_Problem statement_:
Set down a faithful copy of every record below, with no images.

_Provided data_:

____

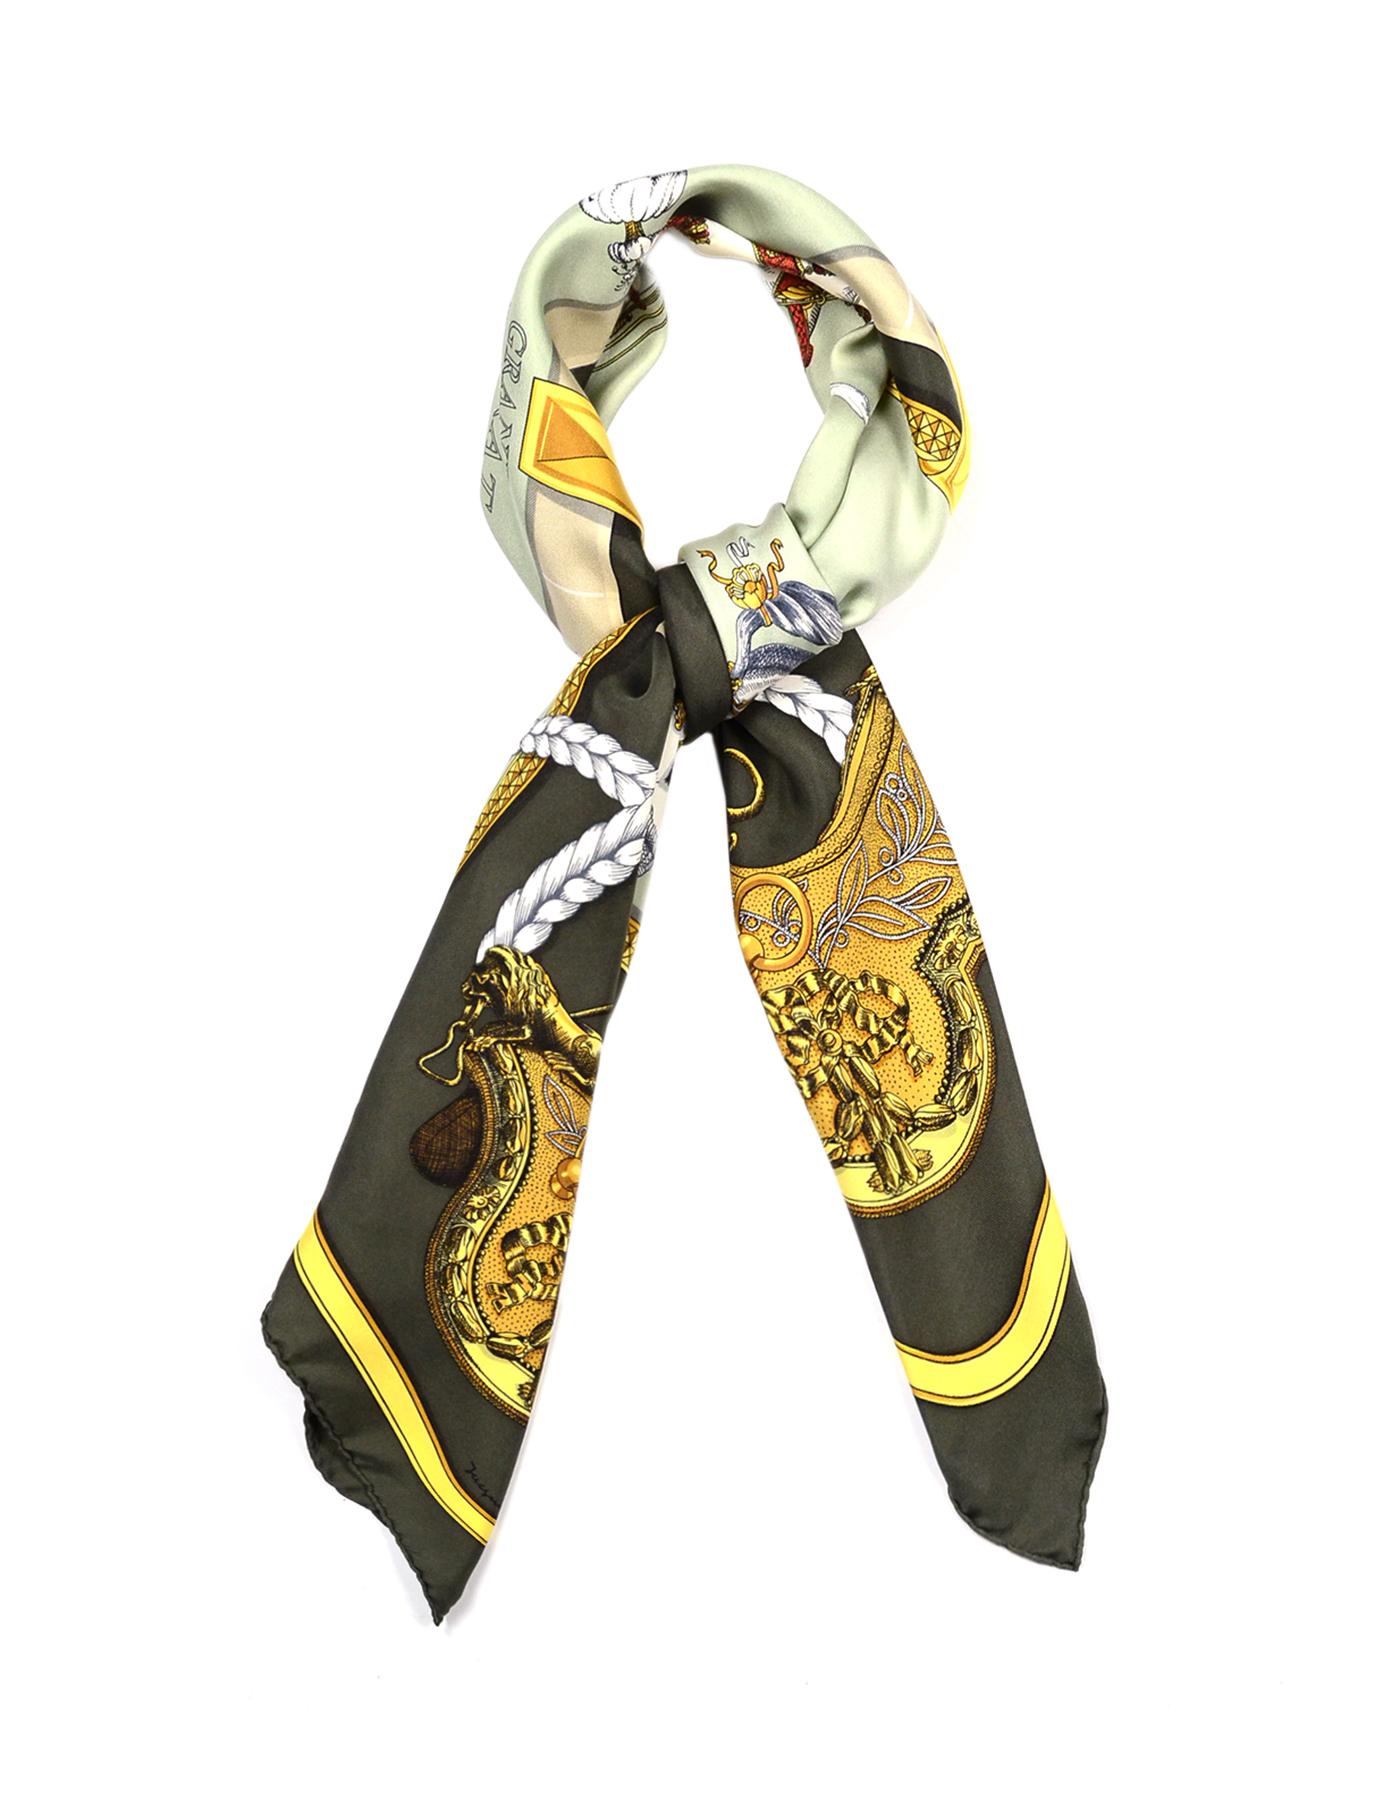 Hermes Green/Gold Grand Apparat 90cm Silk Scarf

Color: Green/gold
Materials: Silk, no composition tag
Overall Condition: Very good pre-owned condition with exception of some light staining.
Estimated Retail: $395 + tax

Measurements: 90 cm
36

____

_Result of the exercise_:
 Hermes Green/Gold Grand Apparat 90cm Silk Scarf

Color: Green/gold
Materials: Silk, no composition tag
Overall Condition: Very good pre-owned condition with exception of some light staining.
Estimated Retail: $395 + tax

Measurements: 90 cm
36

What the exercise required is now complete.